The question: what can be said about the other eigenvalues? For example, since M is symmetric, all other eigenvectors will be perpendicular to $y$. Take any such $x$, then $$x^tMx = x^t\Lambda x - \frac{(y^t\Lambda x)^2}{y^t\Lambda y}\le \lambda_n x^tx$$ and we conclude that the other eigenvalues cannot exceed the largest one of $\Lambda$. Is the same true for the smallest eigenvalue, i.e. the smallest non-zero eigenvalue of $M$ is at least as large as the smallest eigenvalue of $\Lambda$?
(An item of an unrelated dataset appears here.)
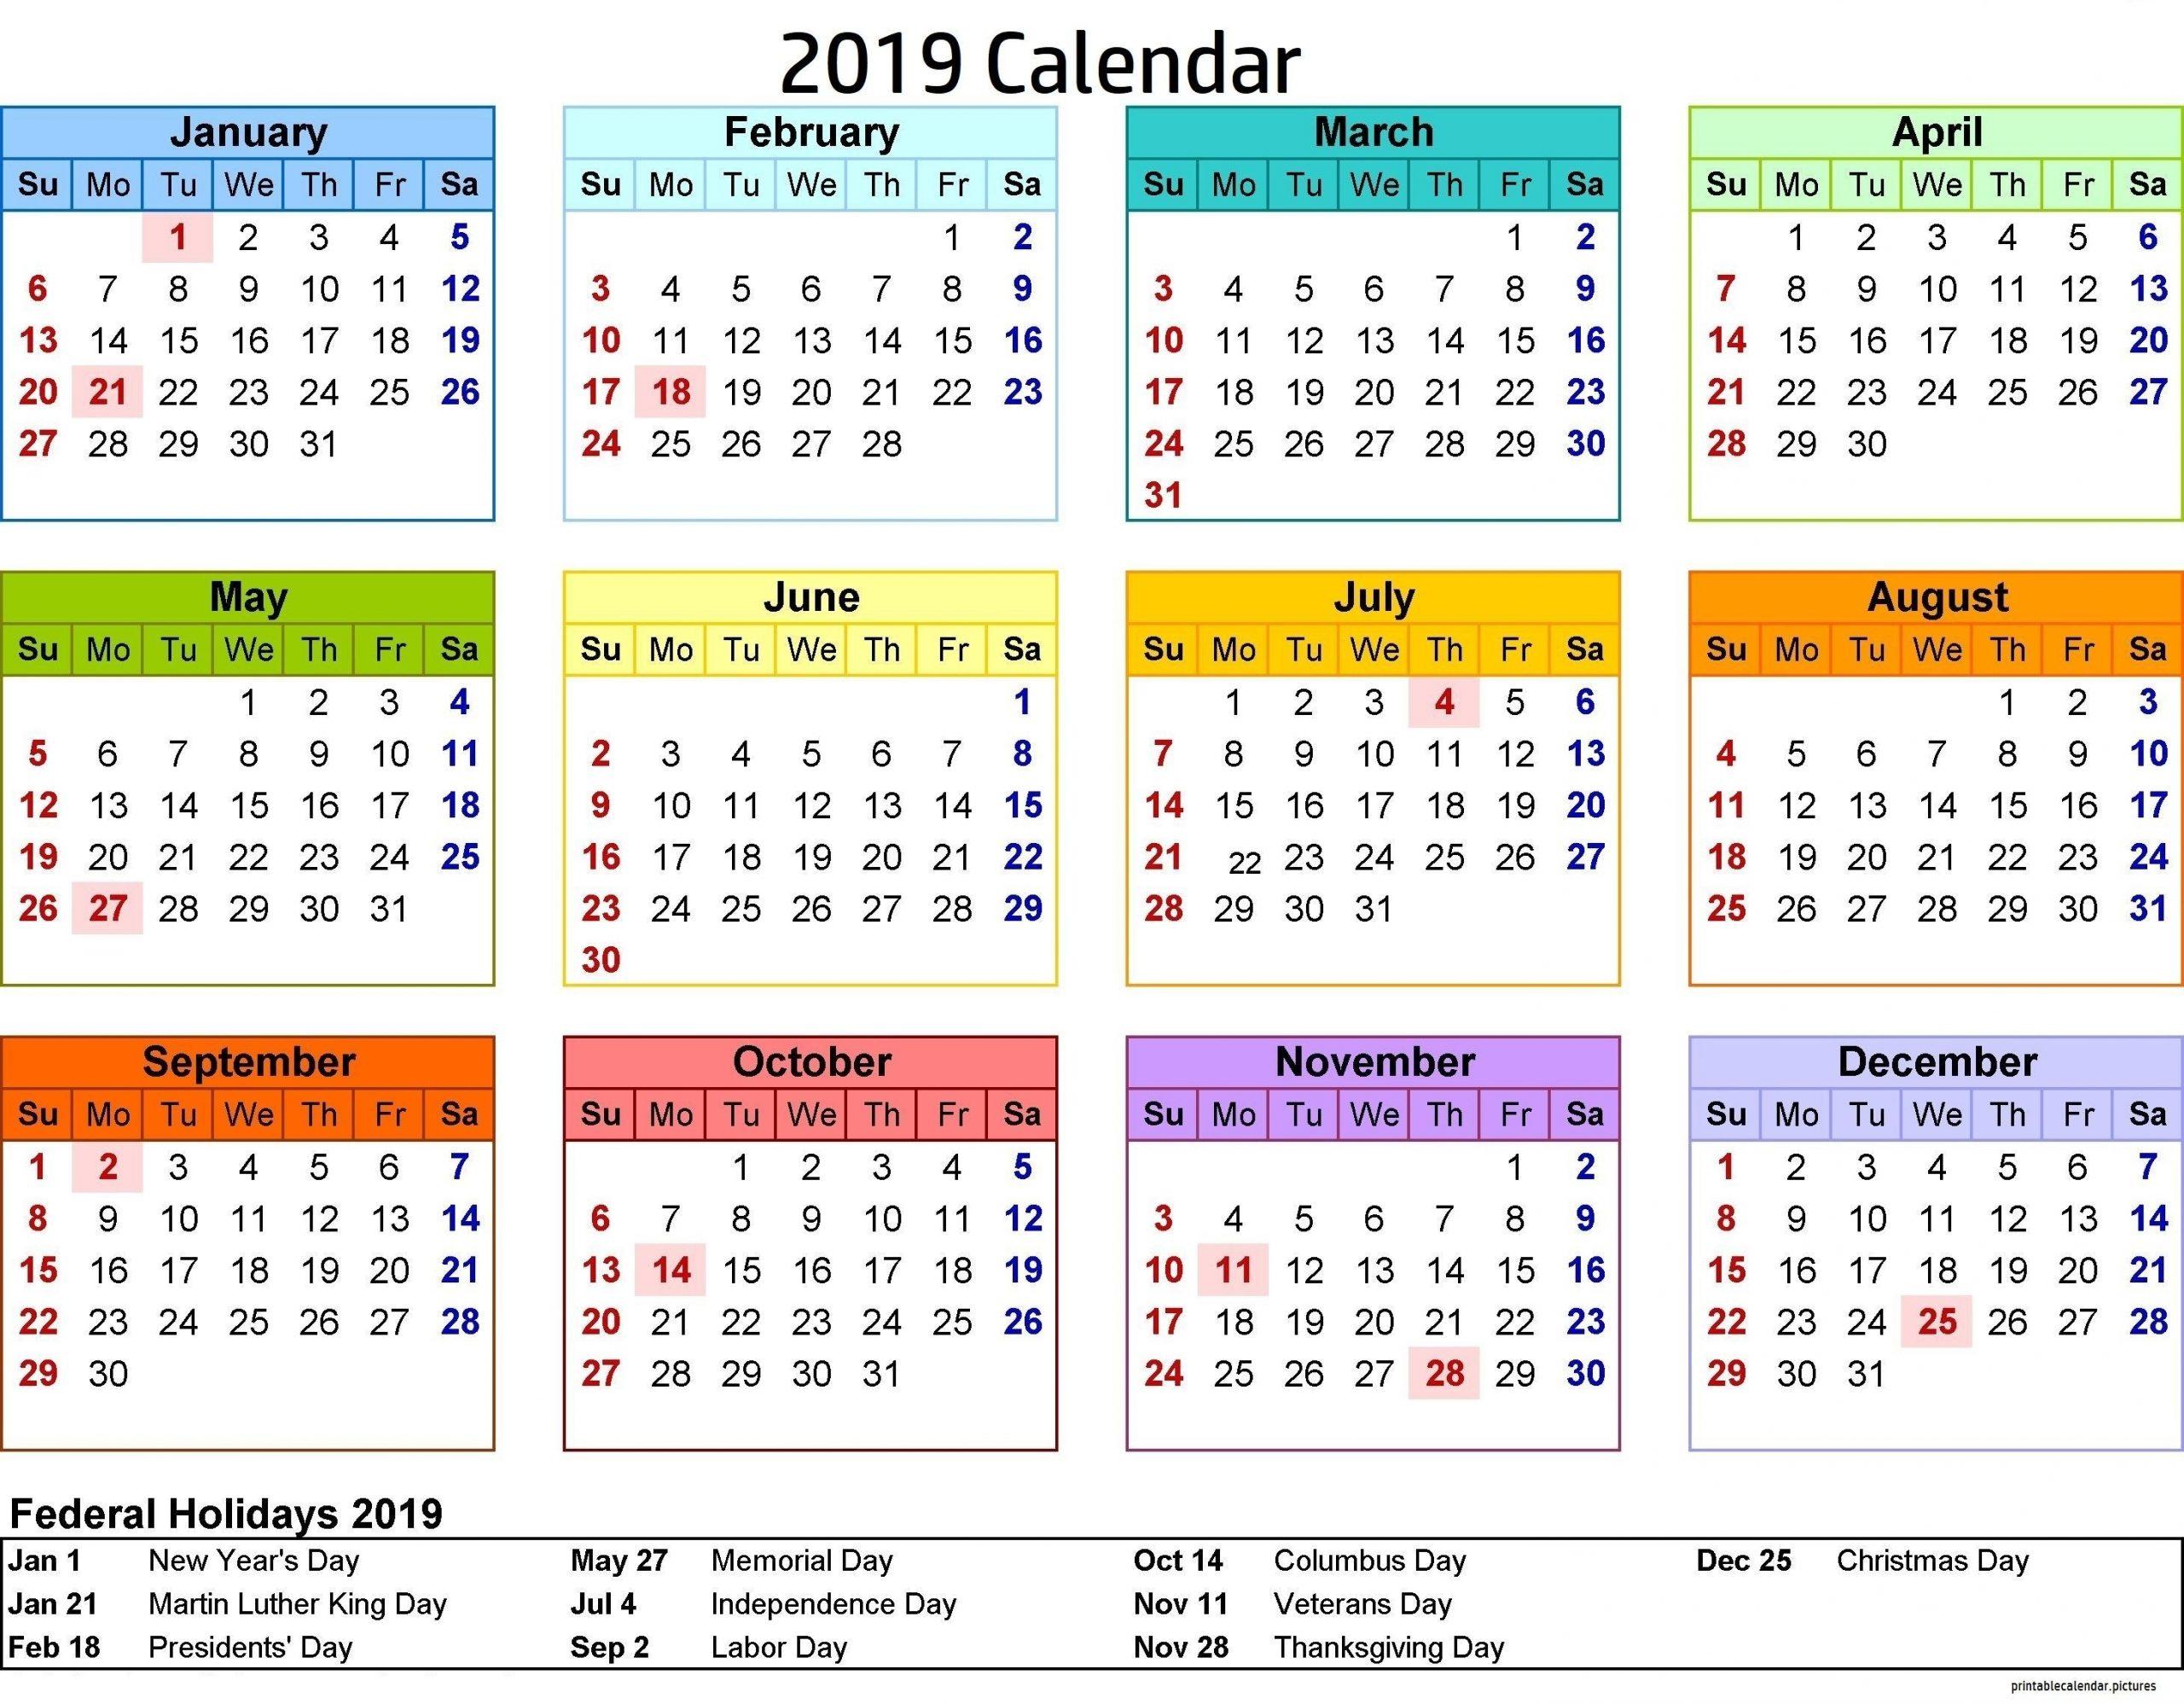 2019 Calendar Philippines With Holidays | Calendar 2019-Print Philippine 2021 Calendars With Holiday
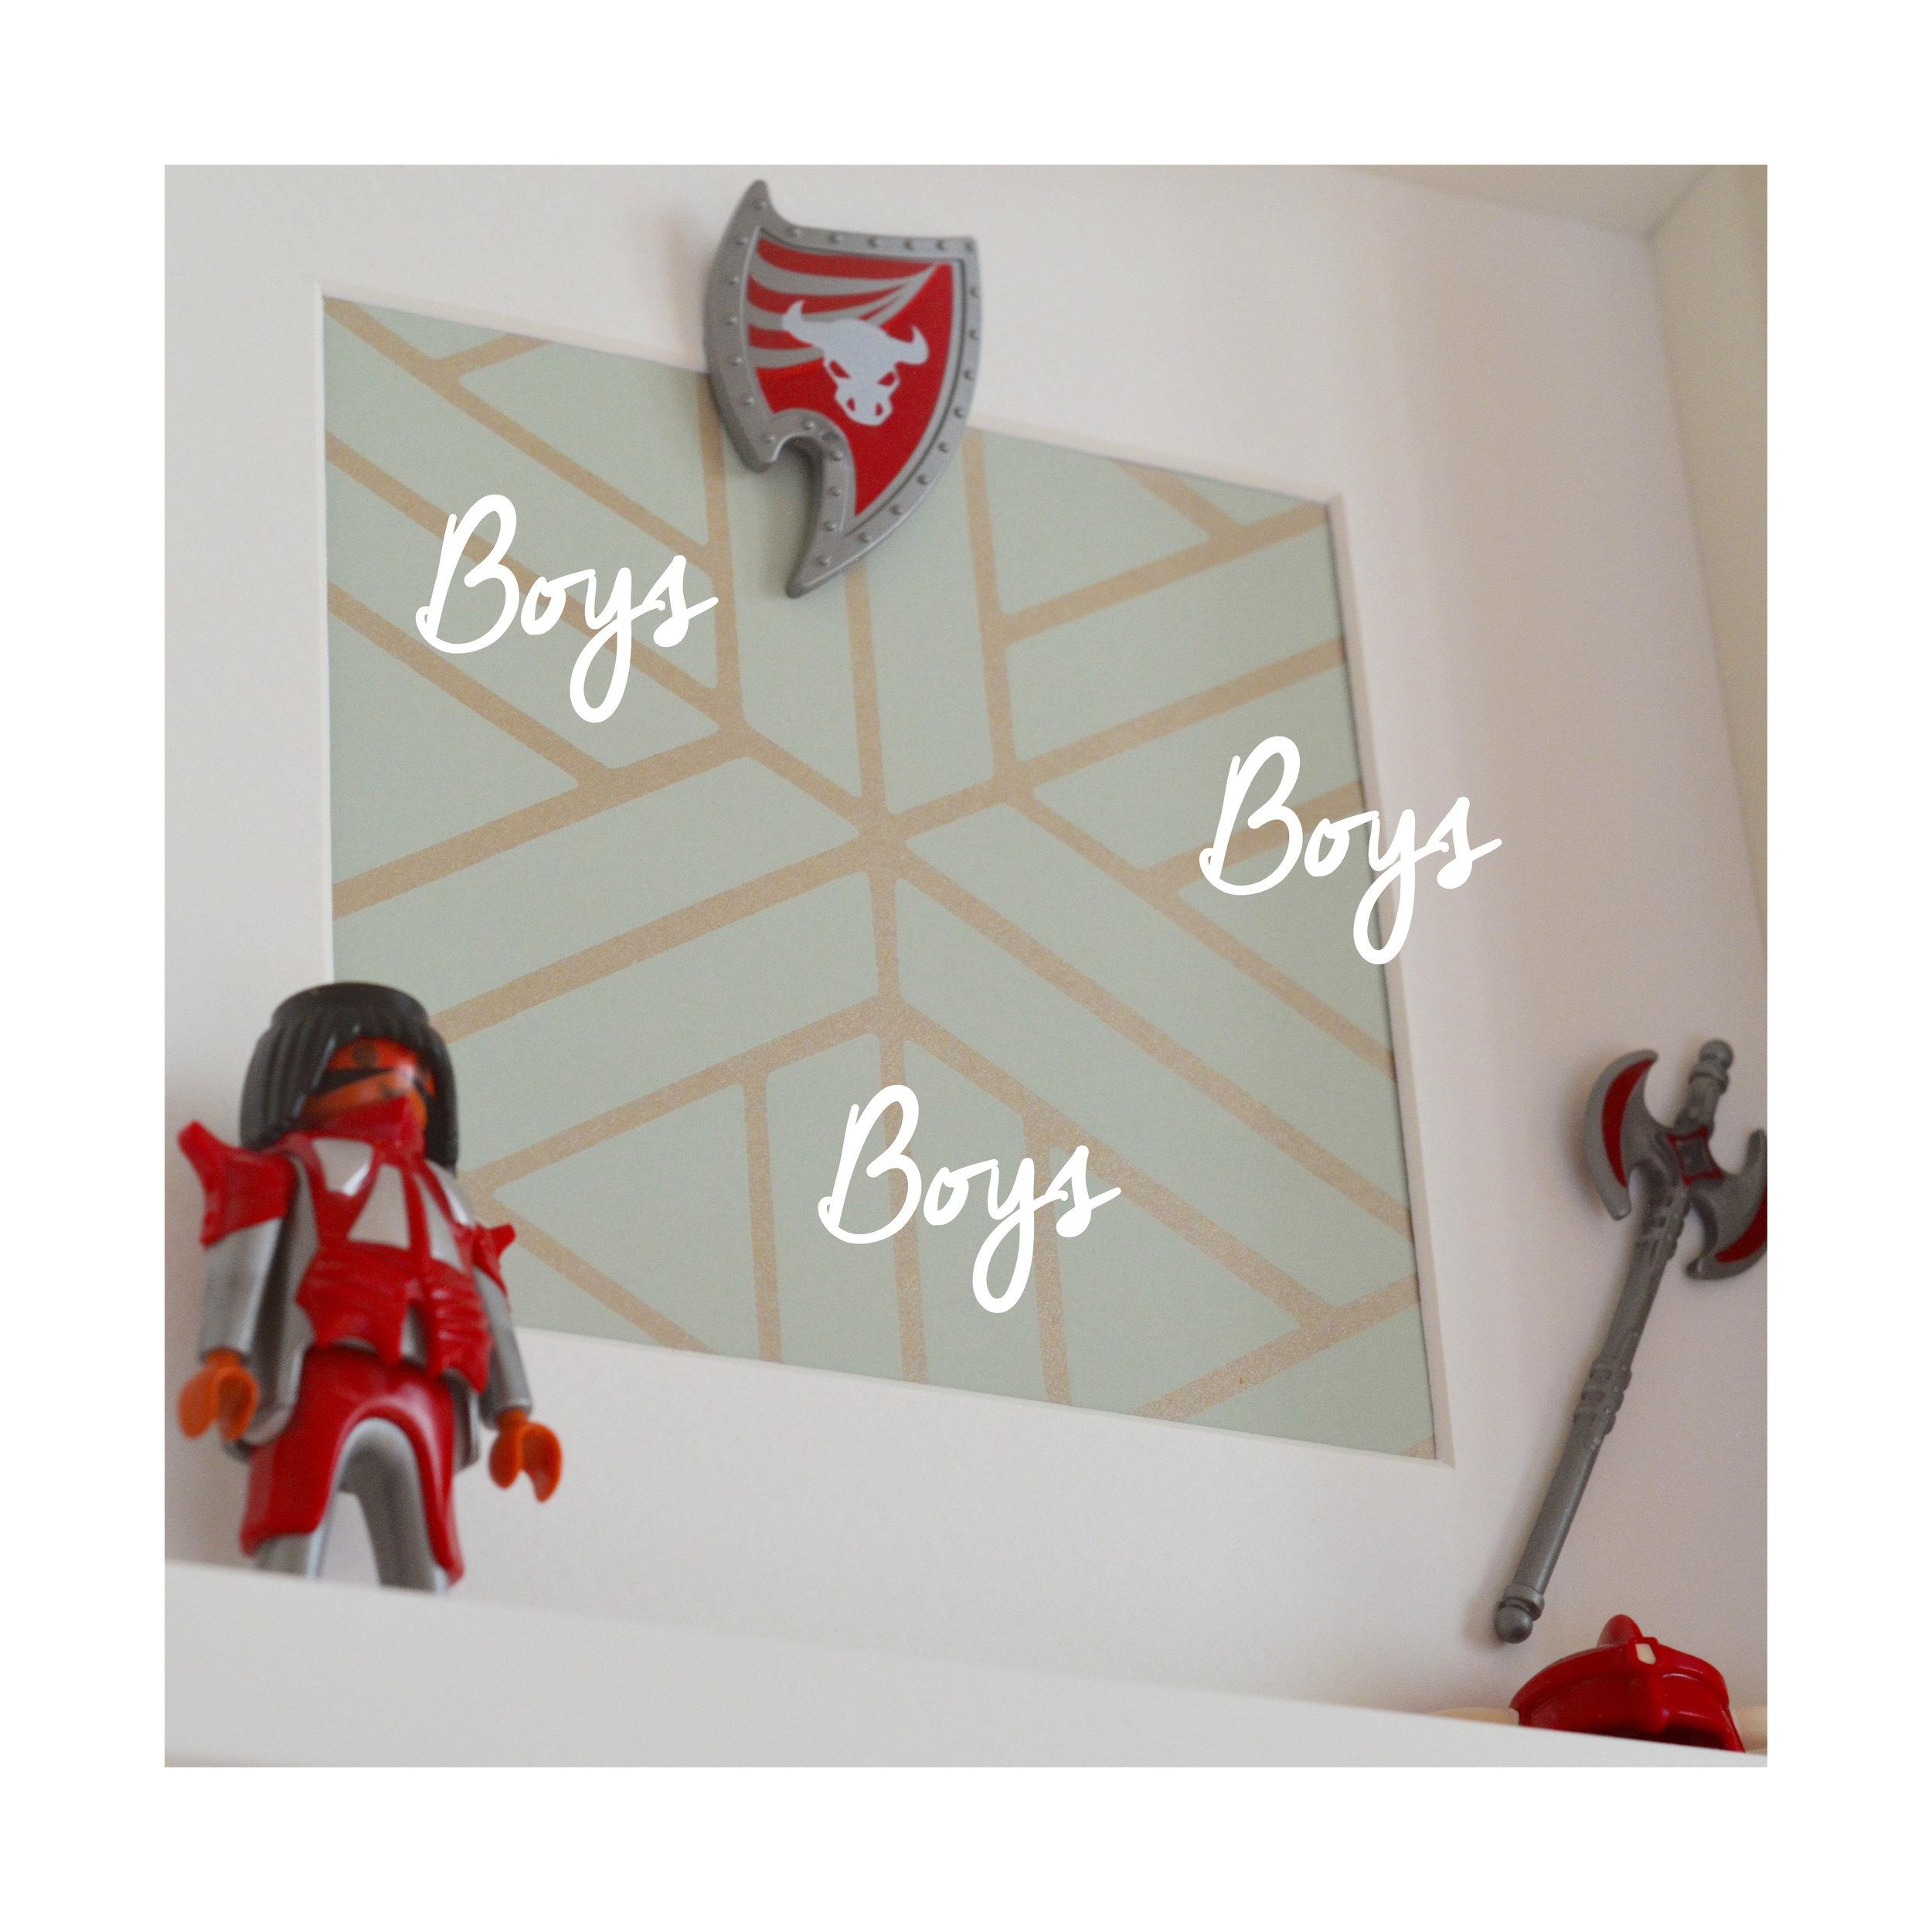 Boys boys boys.jpg

In short the answer is yes. Actually you can prove that there exists an ordering of the eigenvalues of the two matrices. The proof is easy; just use the min-max theorem, which states that for non-zero vectors $x$:
$$\lambda_k=\min_{U}\max_{x\in U, \dim U=k}\frac{x^t\Lambda x}{{||x||}^2}$$
but since we know that:
$$\frac{x^t\Lambda x}{{||x||}^2}\geq \frac{x^tM x}{{||x||}^2}$$
The result that the k-th larger eigenvalue of $\Lambda$ exceeds that of $M$ readily follows:
$$\lambda_k\geq \mu_k$$
where $\Lambda x_k=\lambda_kx_k$ , $M y_k=\mu_ky_k$, and the eigenvalues are ordered.